Stored items:
____
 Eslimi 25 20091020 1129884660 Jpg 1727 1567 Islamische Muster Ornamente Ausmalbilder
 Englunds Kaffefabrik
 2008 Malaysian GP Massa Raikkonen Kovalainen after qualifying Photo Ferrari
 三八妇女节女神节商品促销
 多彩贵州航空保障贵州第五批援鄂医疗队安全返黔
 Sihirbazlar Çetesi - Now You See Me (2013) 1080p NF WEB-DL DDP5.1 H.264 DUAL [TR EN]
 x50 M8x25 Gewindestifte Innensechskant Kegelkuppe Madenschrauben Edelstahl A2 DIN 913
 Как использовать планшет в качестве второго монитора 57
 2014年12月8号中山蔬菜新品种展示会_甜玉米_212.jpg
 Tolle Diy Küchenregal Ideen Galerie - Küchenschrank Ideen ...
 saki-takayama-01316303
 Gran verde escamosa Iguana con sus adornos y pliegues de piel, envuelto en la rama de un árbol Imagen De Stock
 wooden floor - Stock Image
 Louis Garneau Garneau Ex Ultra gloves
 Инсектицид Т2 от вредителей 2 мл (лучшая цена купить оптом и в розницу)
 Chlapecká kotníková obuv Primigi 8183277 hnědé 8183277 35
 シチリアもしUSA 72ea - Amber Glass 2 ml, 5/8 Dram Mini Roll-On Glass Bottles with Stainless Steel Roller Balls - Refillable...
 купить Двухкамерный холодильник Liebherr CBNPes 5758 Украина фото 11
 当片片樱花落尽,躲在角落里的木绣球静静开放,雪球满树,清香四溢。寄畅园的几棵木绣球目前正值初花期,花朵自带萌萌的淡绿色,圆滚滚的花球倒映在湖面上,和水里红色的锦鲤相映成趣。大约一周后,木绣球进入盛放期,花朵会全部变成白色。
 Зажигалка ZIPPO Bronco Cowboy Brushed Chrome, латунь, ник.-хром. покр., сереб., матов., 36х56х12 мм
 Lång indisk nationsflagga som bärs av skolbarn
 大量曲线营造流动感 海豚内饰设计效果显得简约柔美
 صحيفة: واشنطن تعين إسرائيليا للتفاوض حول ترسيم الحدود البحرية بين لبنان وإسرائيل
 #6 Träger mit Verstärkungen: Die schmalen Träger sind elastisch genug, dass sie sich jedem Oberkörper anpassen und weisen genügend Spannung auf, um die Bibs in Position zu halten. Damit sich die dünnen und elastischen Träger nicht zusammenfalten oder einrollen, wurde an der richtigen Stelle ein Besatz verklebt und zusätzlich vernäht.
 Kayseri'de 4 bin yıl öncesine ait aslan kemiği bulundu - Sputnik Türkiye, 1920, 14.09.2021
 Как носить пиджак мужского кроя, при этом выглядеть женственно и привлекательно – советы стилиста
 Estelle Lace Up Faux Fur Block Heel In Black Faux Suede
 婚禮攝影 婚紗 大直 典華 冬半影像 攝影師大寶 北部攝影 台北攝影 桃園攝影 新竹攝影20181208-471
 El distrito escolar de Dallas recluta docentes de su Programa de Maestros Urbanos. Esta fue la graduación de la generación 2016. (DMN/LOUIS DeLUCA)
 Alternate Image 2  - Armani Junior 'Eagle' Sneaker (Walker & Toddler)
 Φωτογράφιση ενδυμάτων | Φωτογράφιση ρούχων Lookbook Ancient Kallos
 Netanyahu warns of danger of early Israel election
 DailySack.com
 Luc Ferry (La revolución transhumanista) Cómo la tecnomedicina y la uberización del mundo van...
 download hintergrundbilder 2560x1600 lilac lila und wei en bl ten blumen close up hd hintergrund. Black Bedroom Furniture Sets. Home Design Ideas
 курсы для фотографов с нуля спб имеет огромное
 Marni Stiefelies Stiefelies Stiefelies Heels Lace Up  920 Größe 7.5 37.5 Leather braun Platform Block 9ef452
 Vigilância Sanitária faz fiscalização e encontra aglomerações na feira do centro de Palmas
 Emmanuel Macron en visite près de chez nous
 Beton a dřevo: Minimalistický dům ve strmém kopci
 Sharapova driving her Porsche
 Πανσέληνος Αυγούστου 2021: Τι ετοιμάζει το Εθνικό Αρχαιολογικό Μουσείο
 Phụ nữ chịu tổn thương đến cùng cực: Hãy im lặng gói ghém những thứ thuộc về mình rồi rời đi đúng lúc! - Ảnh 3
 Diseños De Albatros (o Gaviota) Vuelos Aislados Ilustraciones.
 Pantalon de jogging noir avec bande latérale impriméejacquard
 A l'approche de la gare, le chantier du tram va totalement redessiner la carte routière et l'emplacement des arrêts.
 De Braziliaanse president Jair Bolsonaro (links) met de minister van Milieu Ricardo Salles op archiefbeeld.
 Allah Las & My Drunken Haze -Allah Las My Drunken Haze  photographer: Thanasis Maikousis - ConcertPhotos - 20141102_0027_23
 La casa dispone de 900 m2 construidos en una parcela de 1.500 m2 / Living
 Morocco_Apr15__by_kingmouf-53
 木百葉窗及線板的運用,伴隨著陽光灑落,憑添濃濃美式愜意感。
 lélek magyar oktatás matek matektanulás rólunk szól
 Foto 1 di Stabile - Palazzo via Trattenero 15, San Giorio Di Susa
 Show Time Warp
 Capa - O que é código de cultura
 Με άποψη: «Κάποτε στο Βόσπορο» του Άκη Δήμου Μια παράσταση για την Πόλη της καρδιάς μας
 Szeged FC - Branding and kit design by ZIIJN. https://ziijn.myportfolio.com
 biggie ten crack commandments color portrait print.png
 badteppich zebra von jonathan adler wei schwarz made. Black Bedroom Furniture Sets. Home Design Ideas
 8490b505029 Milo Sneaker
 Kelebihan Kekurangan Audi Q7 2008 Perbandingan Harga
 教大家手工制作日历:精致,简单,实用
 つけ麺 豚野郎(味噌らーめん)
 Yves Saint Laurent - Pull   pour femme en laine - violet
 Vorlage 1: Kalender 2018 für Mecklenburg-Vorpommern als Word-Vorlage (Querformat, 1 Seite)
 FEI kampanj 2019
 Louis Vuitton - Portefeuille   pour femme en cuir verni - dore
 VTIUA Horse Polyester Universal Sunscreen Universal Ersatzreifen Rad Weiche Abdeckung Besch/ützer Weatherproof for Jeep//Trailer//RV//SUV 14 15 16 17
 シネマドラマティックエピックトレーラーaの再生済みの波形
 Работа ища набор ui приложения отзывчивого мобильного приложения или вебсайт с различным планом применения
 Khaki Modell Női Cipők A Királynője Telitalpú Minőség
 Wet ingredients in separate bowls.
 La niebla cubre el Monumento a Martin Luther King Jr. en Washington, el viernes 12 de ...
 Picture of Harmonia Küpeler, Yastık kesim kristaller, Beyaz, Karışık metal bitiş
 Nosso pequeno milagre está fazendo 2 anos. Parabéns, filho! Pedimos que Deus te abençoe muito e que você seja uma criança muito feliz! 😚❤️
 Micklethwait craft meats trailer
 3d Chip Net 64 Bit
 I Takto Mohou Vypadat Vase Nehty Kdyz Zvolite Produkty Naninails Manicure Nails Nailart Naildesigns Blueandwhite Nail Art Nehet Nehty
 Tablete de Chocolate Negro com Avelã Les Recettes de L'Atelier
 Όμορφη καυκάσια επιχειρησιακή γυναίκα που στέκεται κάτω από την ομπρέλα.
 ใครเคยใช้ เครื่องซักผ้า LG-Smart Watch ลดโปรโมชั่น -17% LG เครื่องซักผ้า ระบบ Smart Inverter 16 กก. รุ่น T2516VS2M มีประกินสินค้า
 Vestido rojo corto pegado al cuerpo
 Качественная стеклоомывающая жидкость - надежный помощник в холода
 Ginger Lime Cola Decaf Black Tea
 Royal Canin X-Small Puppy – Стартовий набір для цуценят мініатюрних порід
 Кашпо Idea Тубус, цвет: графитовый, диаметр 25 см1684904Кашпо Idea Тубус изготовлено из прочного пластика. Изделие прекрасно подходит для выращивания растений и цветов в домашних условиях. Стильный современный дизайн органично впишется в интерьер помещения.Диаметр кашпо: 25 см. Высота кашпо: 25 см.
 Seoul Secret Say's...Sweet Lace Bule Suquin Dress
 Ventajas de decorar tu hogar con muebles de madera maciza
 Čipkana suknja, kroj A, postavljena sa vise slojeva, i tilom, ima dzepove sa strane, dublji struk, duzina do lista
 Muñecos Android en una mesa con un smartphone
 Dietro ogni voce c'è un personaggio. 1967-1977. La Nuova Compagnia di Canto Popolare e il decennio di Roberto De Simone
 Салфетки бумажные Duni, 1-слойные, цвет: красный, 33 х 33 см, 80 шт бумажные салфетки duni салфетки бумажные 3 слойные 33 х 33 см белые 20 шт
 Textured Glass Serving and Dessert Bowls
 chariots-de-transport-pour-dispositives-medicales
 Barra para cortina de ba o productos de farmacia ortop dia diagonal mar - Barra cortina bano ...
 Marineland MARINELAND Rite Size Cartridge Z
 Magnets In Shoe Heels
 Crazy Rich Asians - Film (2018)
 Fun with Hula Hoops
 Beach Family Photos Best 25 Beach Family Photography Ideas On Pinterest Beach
____
◆ Work item ◆
Only the count is needed: the number of lines in the data that include the word "Heels".

◆ Exercise result ◆
2